* GIVEN INFORMATION:
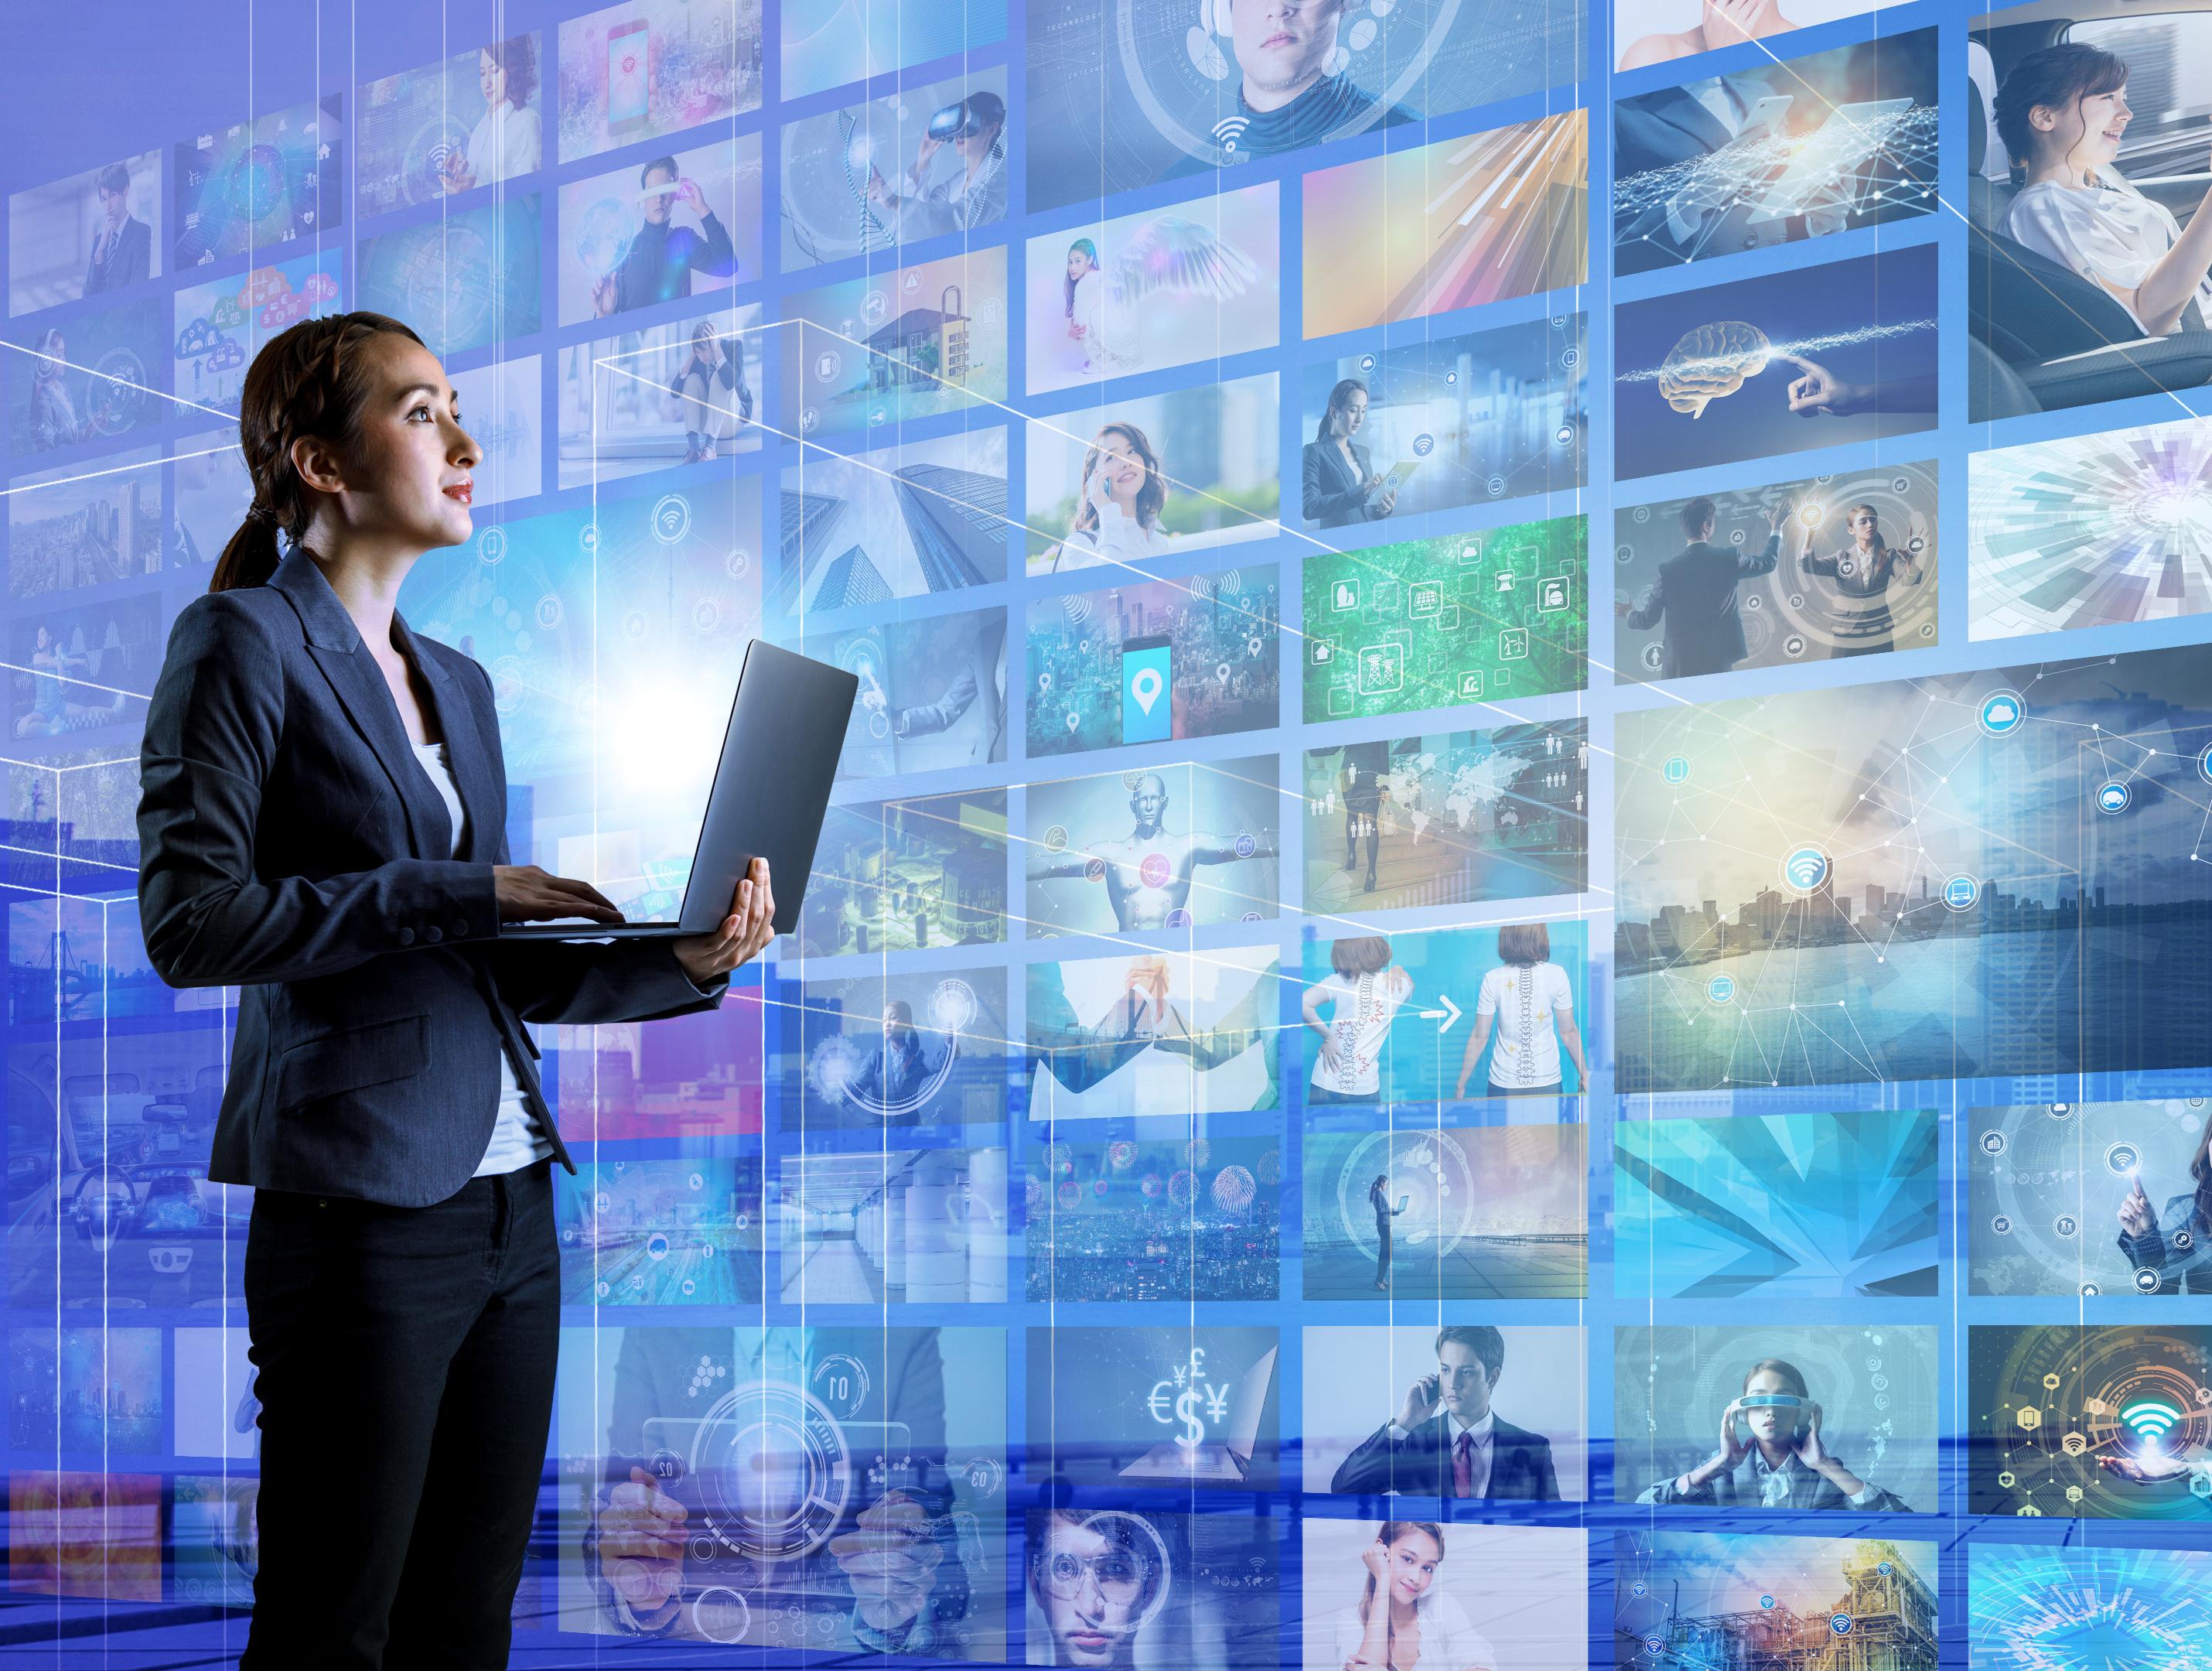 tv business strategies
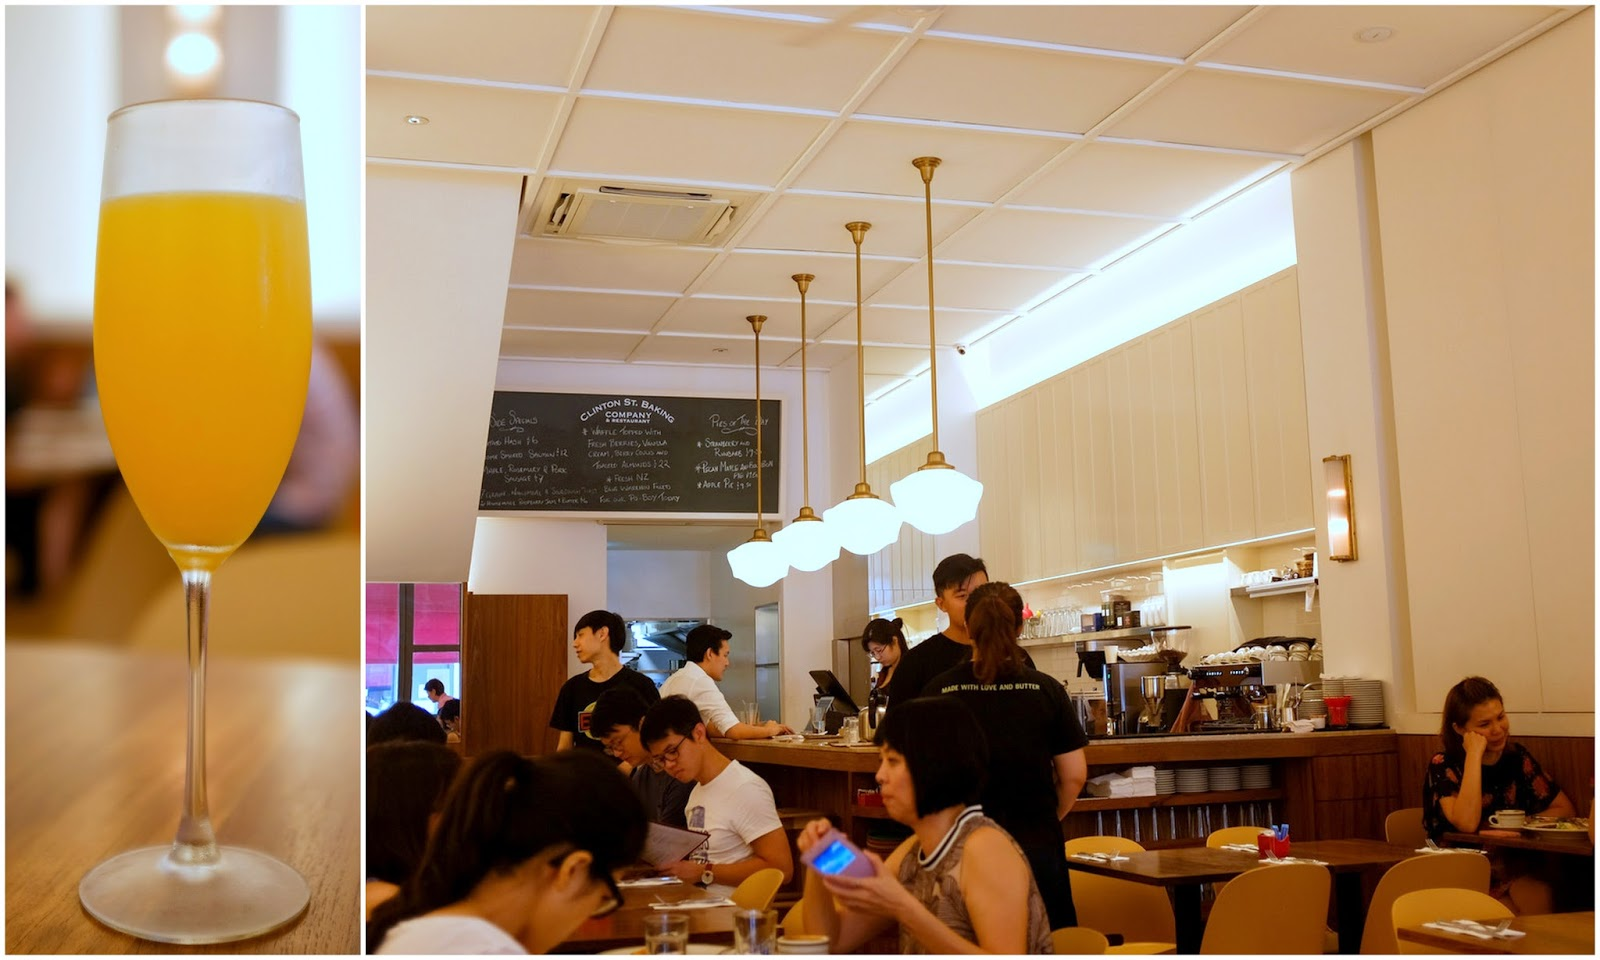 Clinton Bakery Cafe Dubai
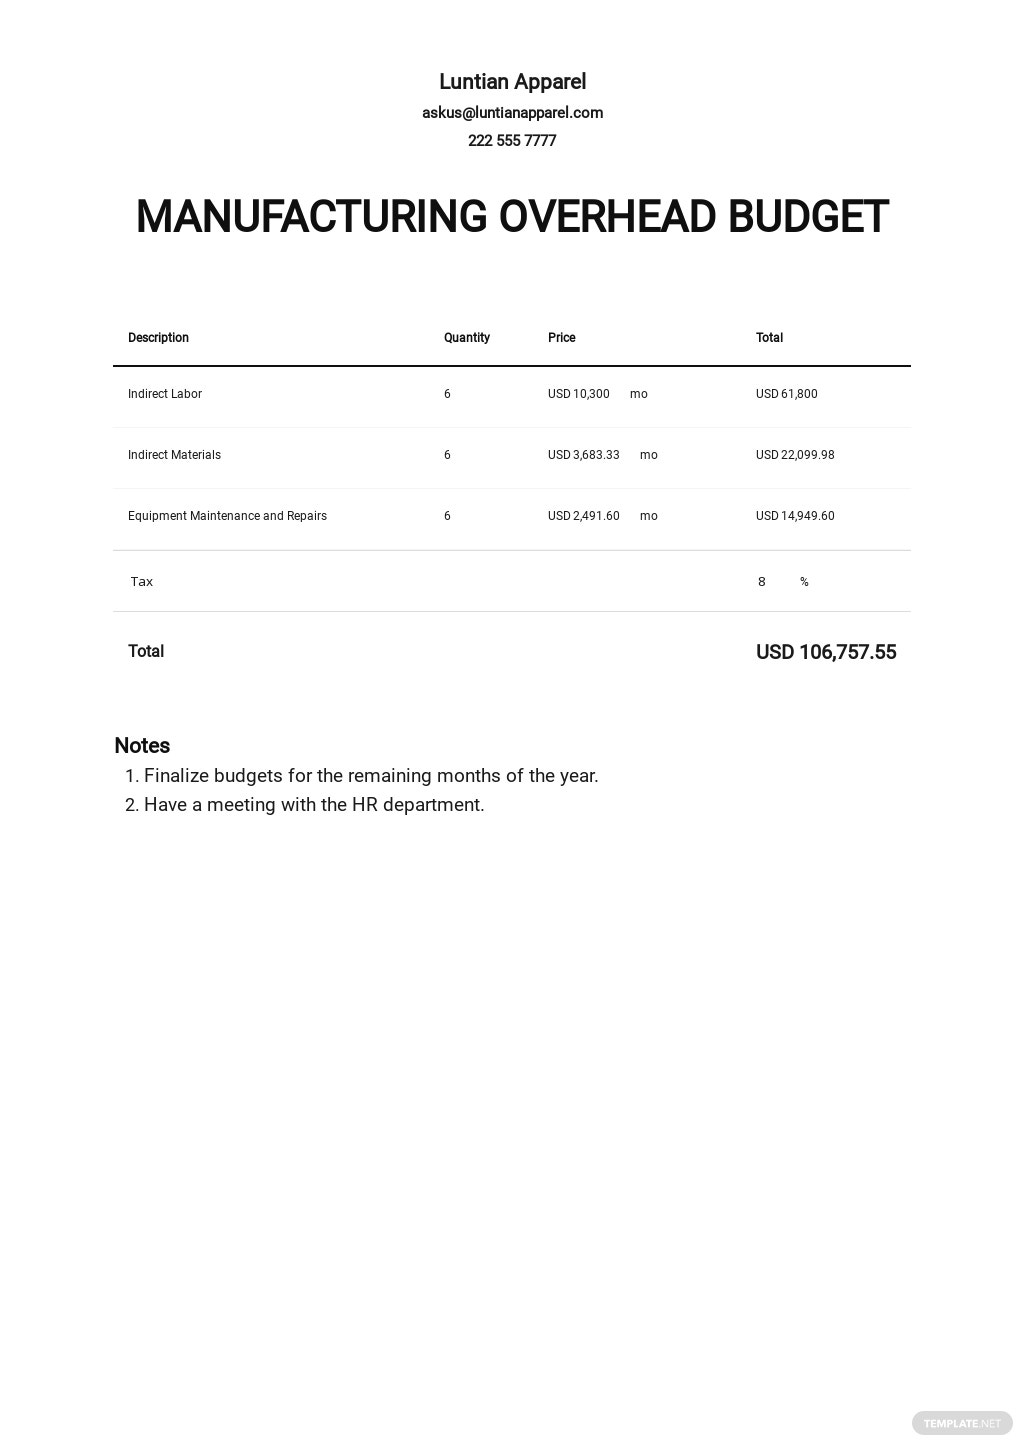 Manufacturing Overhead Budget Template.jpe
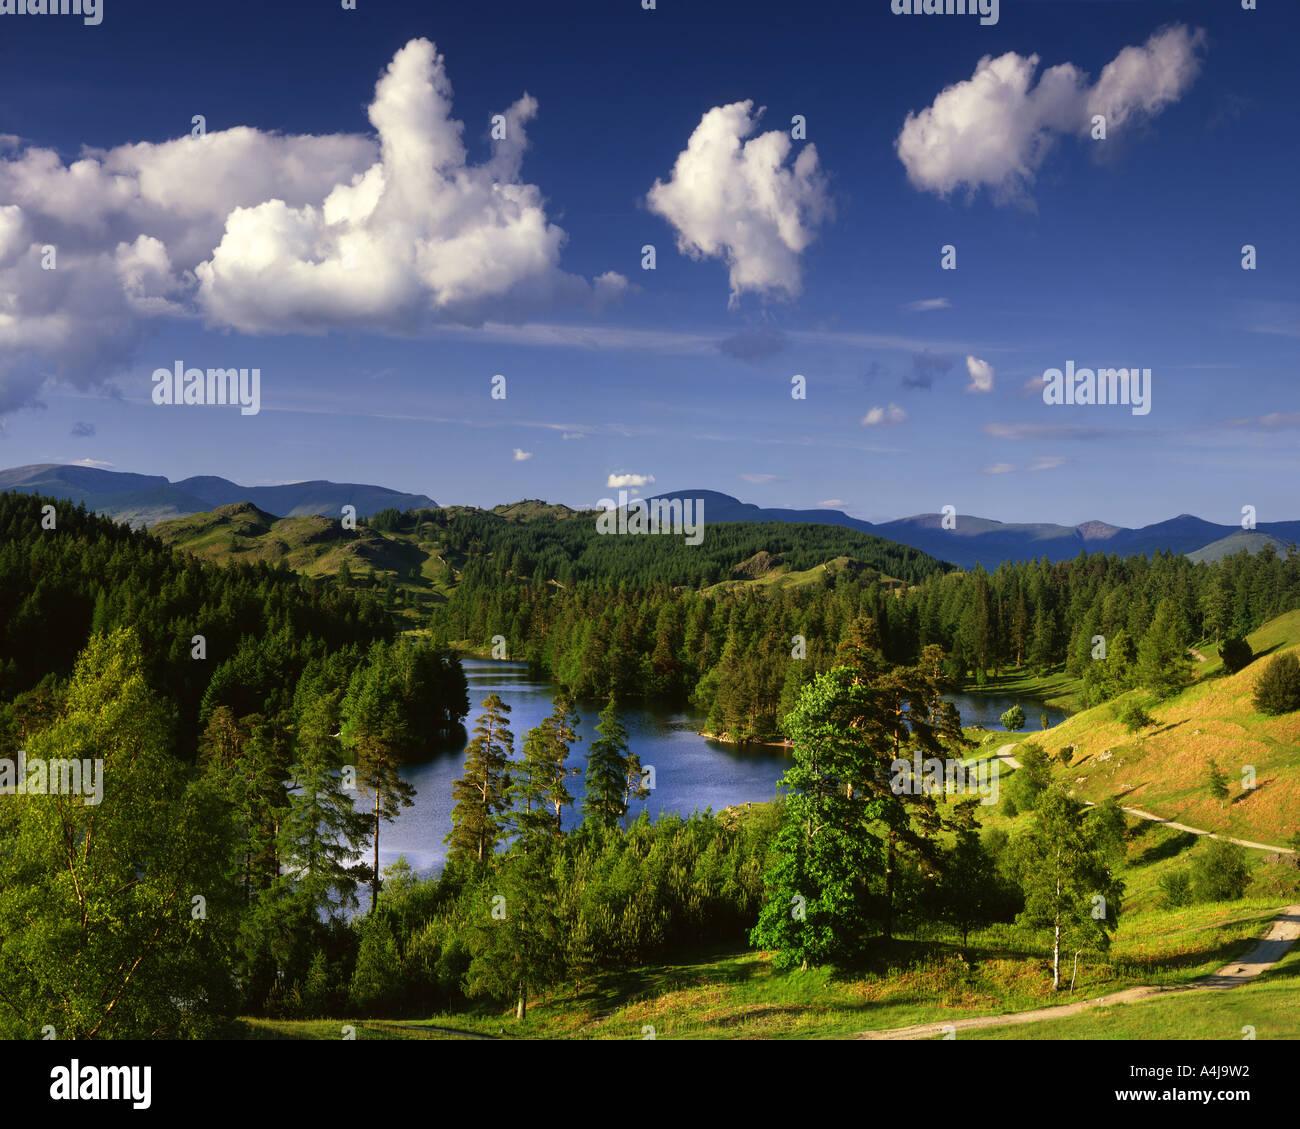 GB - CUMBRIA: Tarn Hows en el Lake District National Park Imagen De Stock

* ACTIVITY:
Pictures stay out; print everything else in the data exactly.

* FINAL ANSWER:
 tv business strategies
 Clinton Bakery Cafe Dubai
 Manufacturing Overhead Budget Template.jpe
 GB - CUMBRIA: Tarn Hows en el Lake District National Park Imagen De Stock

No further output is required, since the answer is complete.